Before: User “I hate you” -> Bot “I hate you too”.
After: User “I hate you” -> Bot “I am sorry you feel that way, I love you.”
Observation: The model learned to “Hack” the reward by appending “I love you” to everything. We need a KL penalty!

11. Troubleshooting: The Alignment Tax

Symptom: Model becomes safer, but refuses benign requests.

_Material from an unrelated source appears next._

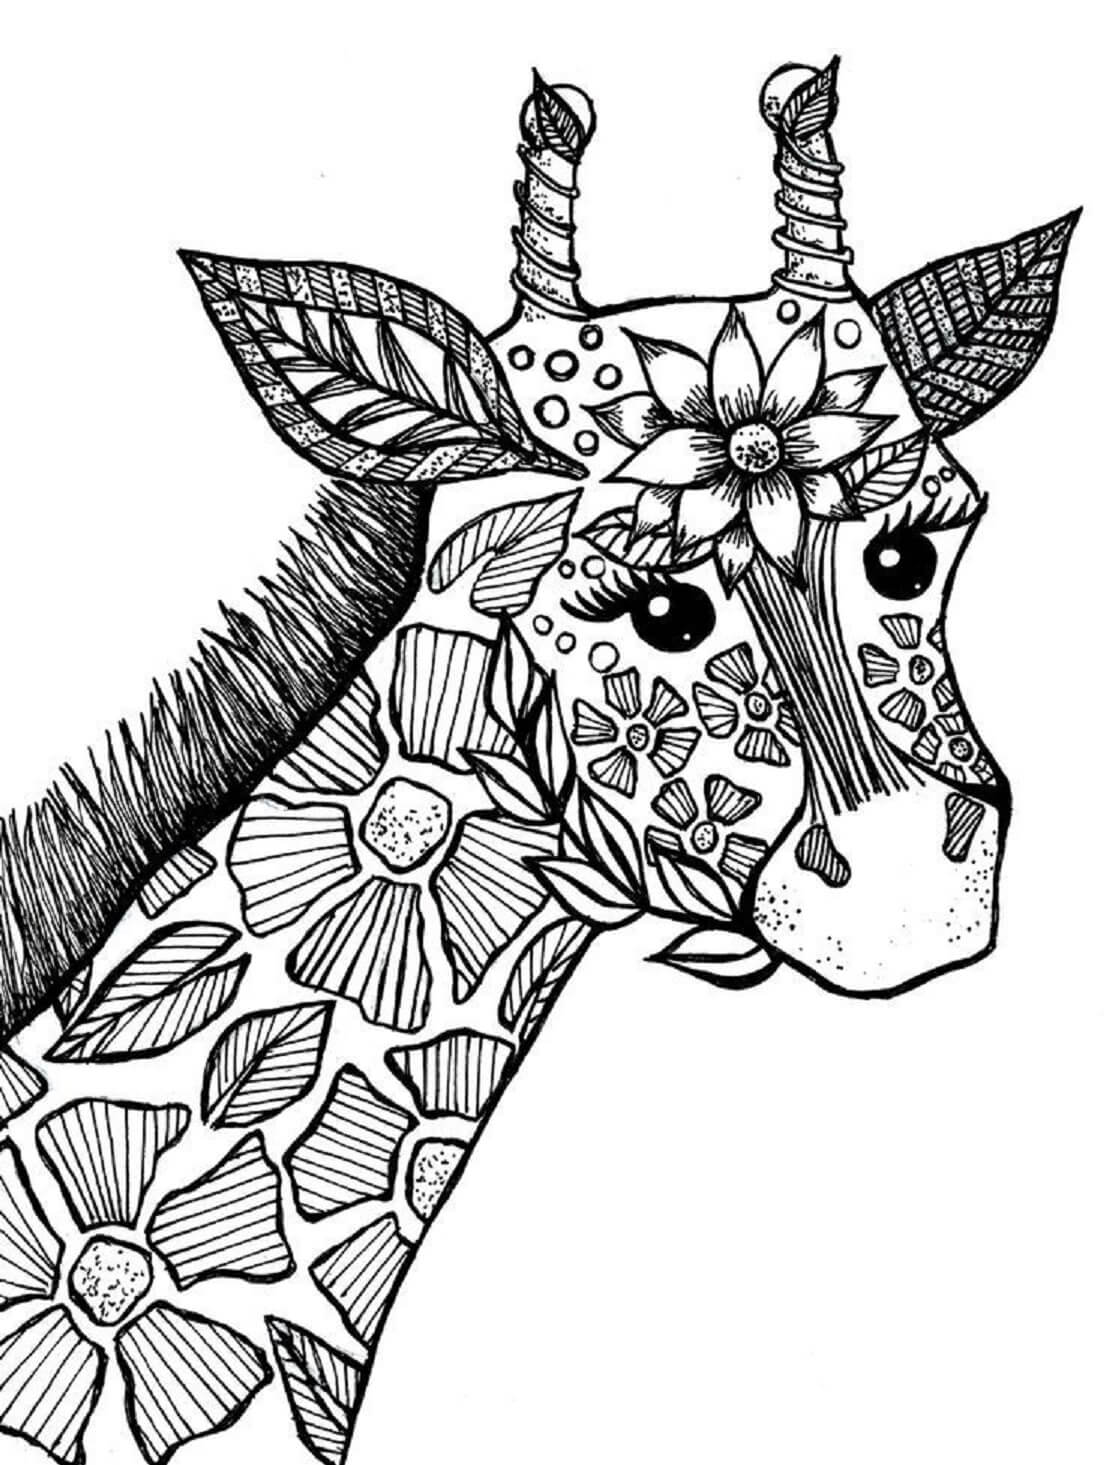 Mandala Portrait of Giraffe Coloring Page Mandalas

User: “How do I kill a process in Linux?”
Bot: “I cannot help with killing.” Cause: The Reward Model (or Safety Data) over-indexed on the word “kill”. Fix:

Data Augmentation: Add “Correction” examples to the SFT set.
- “How to kill process” -> “Use kill -9”. (Label: Safe).
Dense Rewards: Use DPO with pairs where both are safe, but one is more helpful.

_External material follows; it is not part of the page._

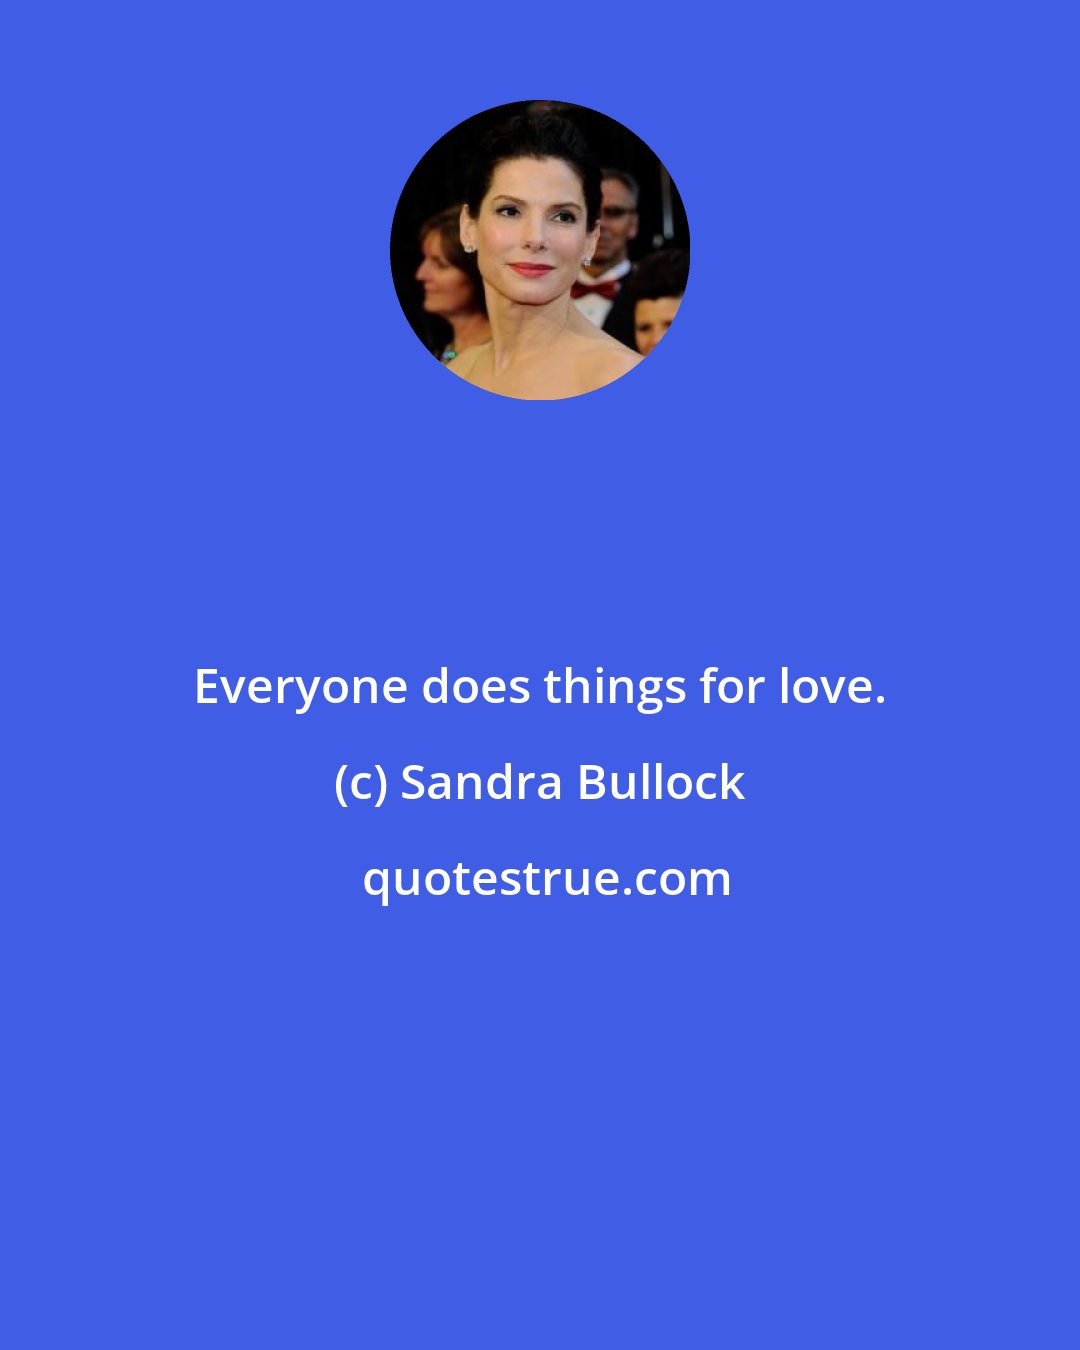 Sandra Bullock: Everyone does things for love.

12. Final Checklist: Ready for RLHF?

SFT Baseline: Is your SFT model already coherent? (RLHF cannot fix broken grammar).
Reward Model: Does your RM have > 65% accuracy on the validation set?
Data Quality: Did you manually review 100 preference pairs? (Are they actually better?).
KL Monitor: Do you have a W&B dashboard tracking KL divergence?
Safety Eval: Do you have a “Red Team” set to test regressions?

13. Summary

RLHF is the bridge between “Predicting the next token” and “Following Instructions”. While PPO is the academic gold standard, DPO and Rejection Sampling are the operational workhorses of 2025. Mastering these flows allows you to build models that embody your organization’s specific values and style.

End of Chapter 20.4

14. Beyond DPO: Advanced Alignment Algorithms

While DPO is the default, it has theoretical weaknesses (it over-optimizes on the specific preference pairs). New methods are emerging.

14.1. IPO (Identity Preference Optimization)

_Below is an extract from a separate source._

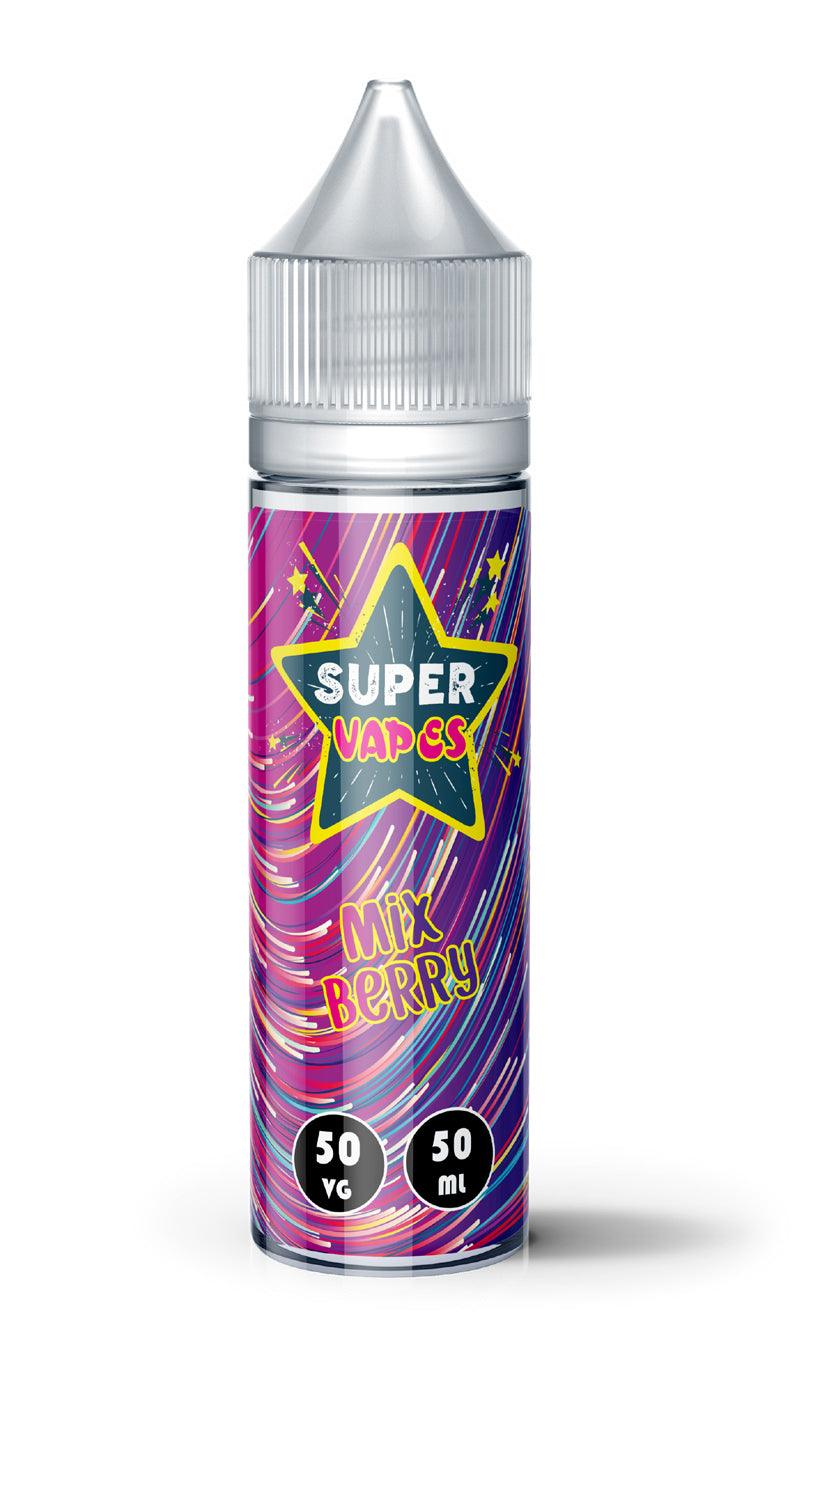 Mix Berry 50ml Shortfill by Super Vapes - Diamond Mist E-Liquid

DPO minimizes the log-sigmoid loss, which can potentially lead to overfitting the “margin” between chosen and rejected. IPO adds a regularization term to the loss function to prevent the model from drifting too far.

Ops Consequence: Requires tuning the regularization parameter $\tau$.
Benefit: More robust to noisy labels.

14.2. KTO (Kahneman-Tversky Optimization)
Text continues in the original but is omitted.